You can tell they had a shoe string budget with is one.


----------



## Baron Tredegar (Apr 13, 2022)

Those look extremely creepy. I only have one show from my childhood that I think was terrifying:





You teenage furs dont know about the trauma of witnessing the birth of early low budget CGI!


----------



## Schrodinger'sMeerkat (Apr 13, 2022)

Baron Tredegar said:


> Those look extremely creepy. I only have one show from my childhood that I think was terrifying:
> 
> 
> 
> ...


I used to see infomercials for VHS copies of this cartoon. I was like, "In what universe would a child want to watch that?"


----------



## Baron Tredegar (Apr 13, 2022)

Schrodinger'sMeerkat said:


> I used to see infomercials for VHS copies of this cartoon. I was like, "In what universe would a child want to watch that?"
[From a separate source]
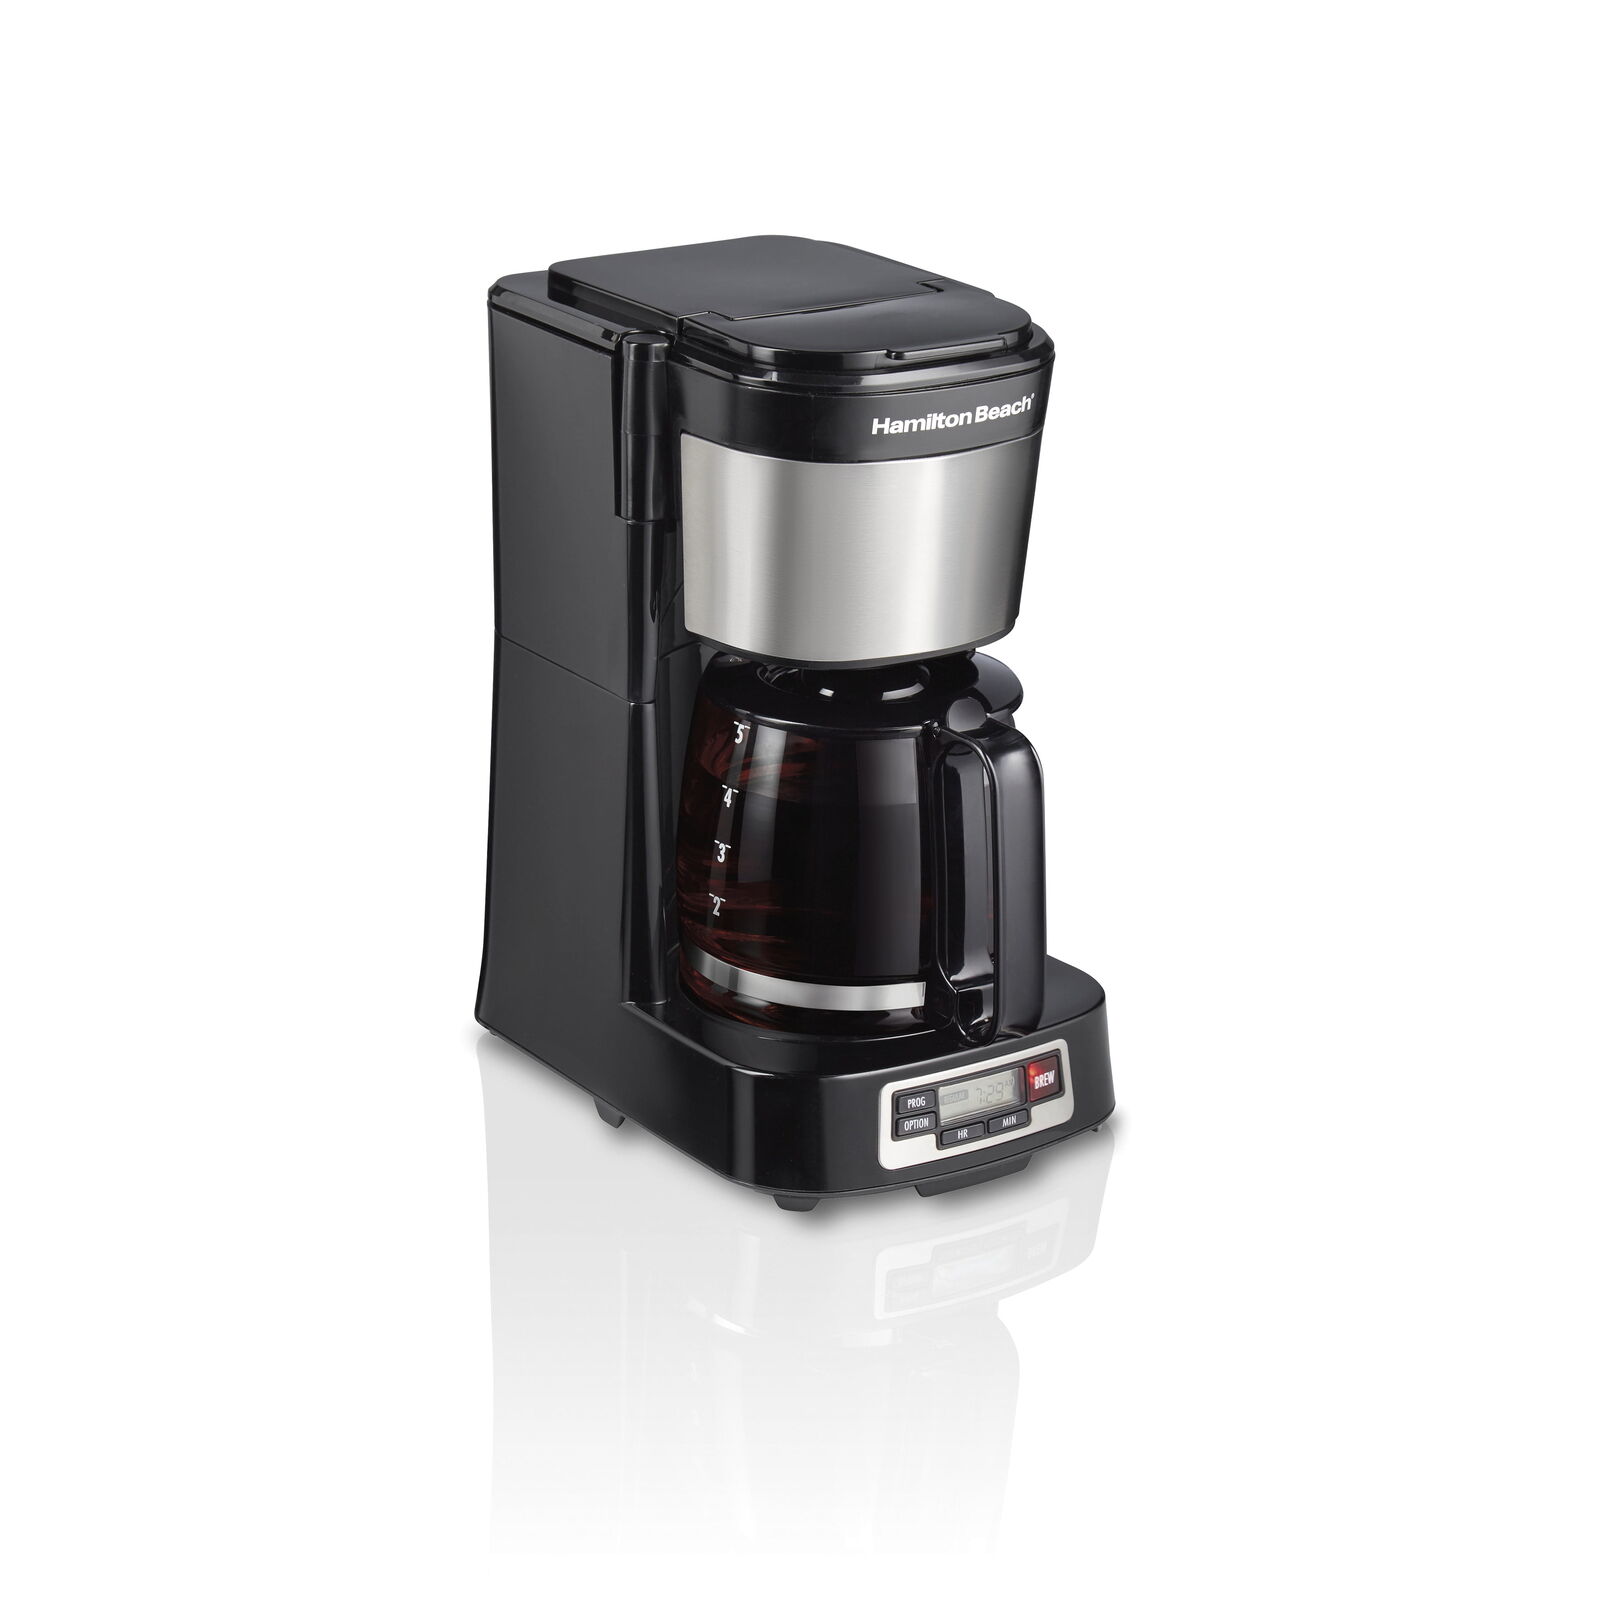 5 Cup Compact Coffee Maker, Programmable, Glass Carafe, Model 46111

I definitely remember hiding behind the couch during its thankfully brief time on air.


----------



## The_Happiest_Husky (Apr 13, 2022)

You fools, my childhood was books and not tv


----------



## Baron Tredegar (Apr 13, 2022)

The_Happiest_Husky said:


> You fools, my childhood was books and not tv


I too also read tons of books and am currently typing this in a room full of my books.


----------



## Hoodwinks (Apr 14, 2022)

This thread is highly cursed


----------



## Baron Tredegar (Apr 14, 2022)

Hoodwinks said:


> This thread is highly cursed


Yes, yes it is.


----------